Generation of a fragment-complementing system of the α-chain on limited proteolysis with Staphylococcus aureus V8 protease has been investigated. Digestion of the α-chain (0.4 mM) of hemoglobin with V8 protease in phosphate buffer at pH 6.0 and 37°C is limited to the peptide bonds of Glu-23, Glu-27, Glu-30, and Asp-47. Gel filtration of a V8 protease digest of the α-chain on a Sephadex G-50 column did not release any heme to the low molecular weight region, though some peptides were released from the protein.
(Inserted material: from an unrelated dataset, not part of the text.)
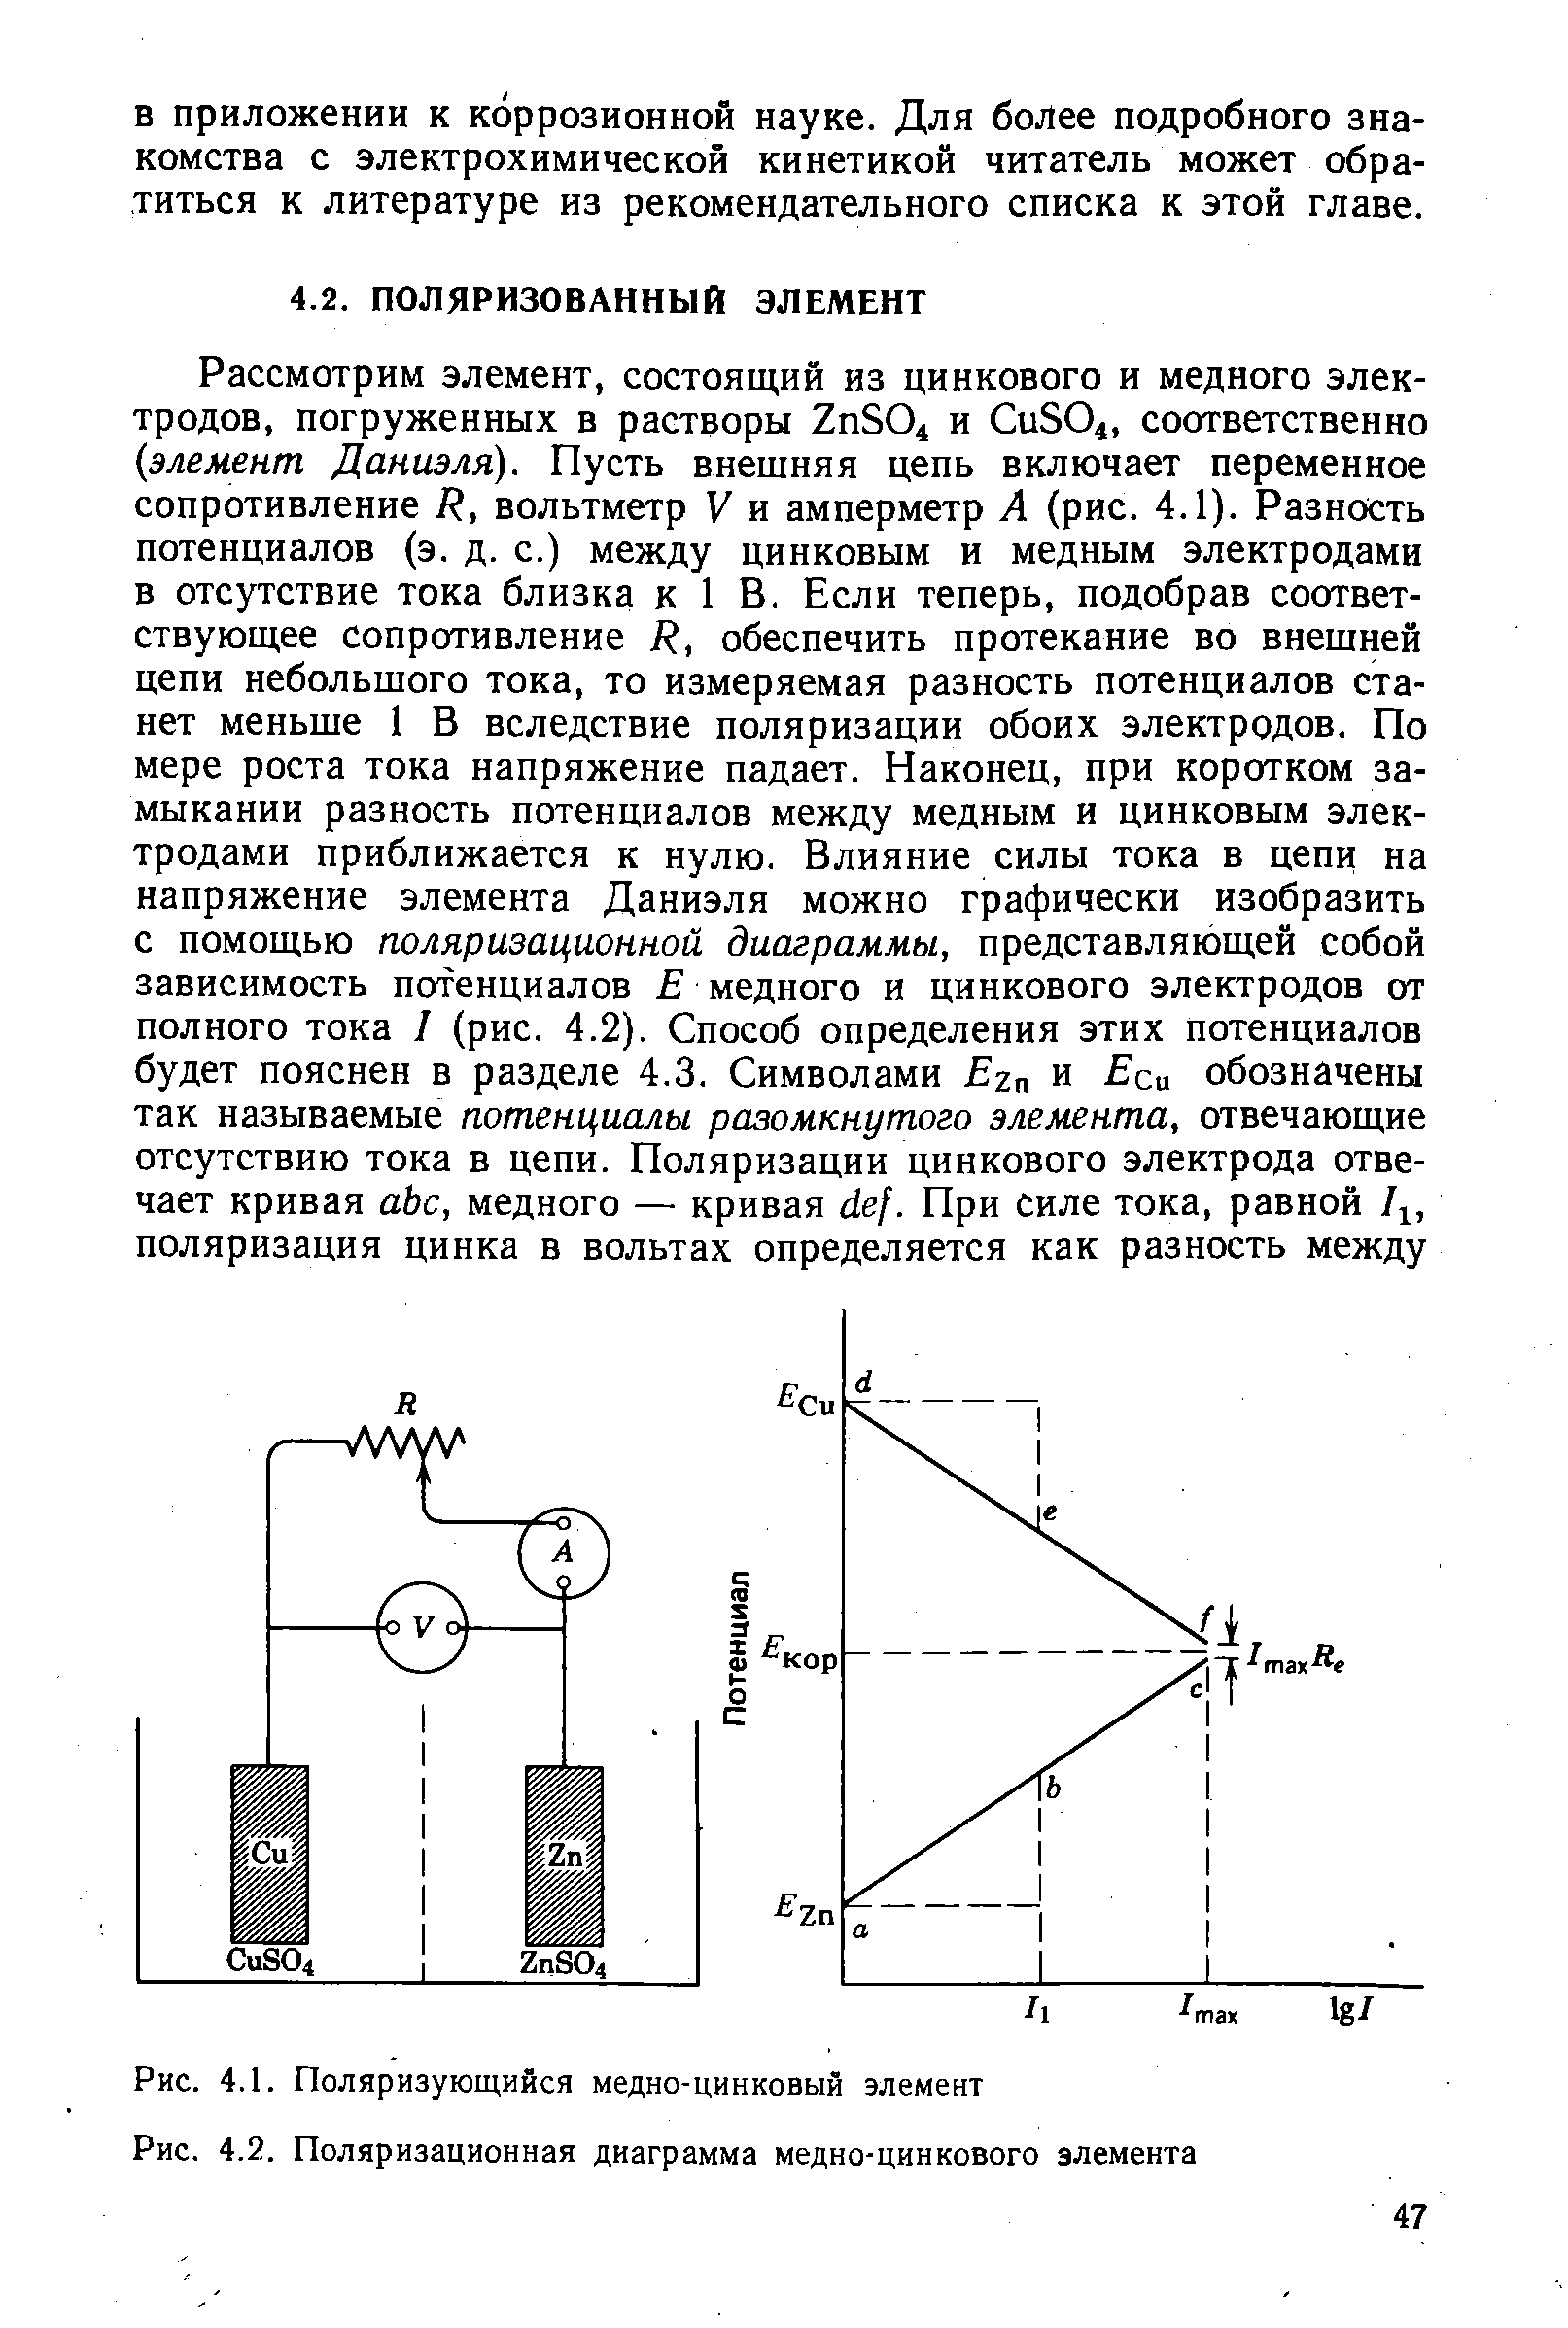 Рис. 4.2. Поляризационная диаграмма медно-цинкового элемента

The filtration studies revealed the presence of two heme-containing components in the digest, the major one eluting at the α-chain position and the minor one eluting slightly ahead of the α-chain position. Reversed-phase high-performance liquid chromatography and amino-terminal sequence analysis demonstrated that the component eluting at the α-chain position contains species generated by the noncovalent interactions of heme and the complementary fragments α1-30 and α31-141. In dilute solutions (0.04 mM) the V8 protease digestion occurred exclusively on the carboxyl side of Glu-30(α). This high selectivity was also observed at pH 4.0 and pH 7.8. The visible spectra and the ultraviolet circular dichroic spectra of the digest reflect the nativelike structure of the noncovalent fragment system. The dissociation constant of α1-30 appears to be in the range of 10-8 M. In tetrameric hemoglobin A the peptide bond of Glu-30-Arg-31 of the α-chain is not accessible to V8 protease digestion. The quaternary interactions of the α-chain and β-chain lead to the stabilization of this region, which represents a part of the α1β1 contact region of the tetramer.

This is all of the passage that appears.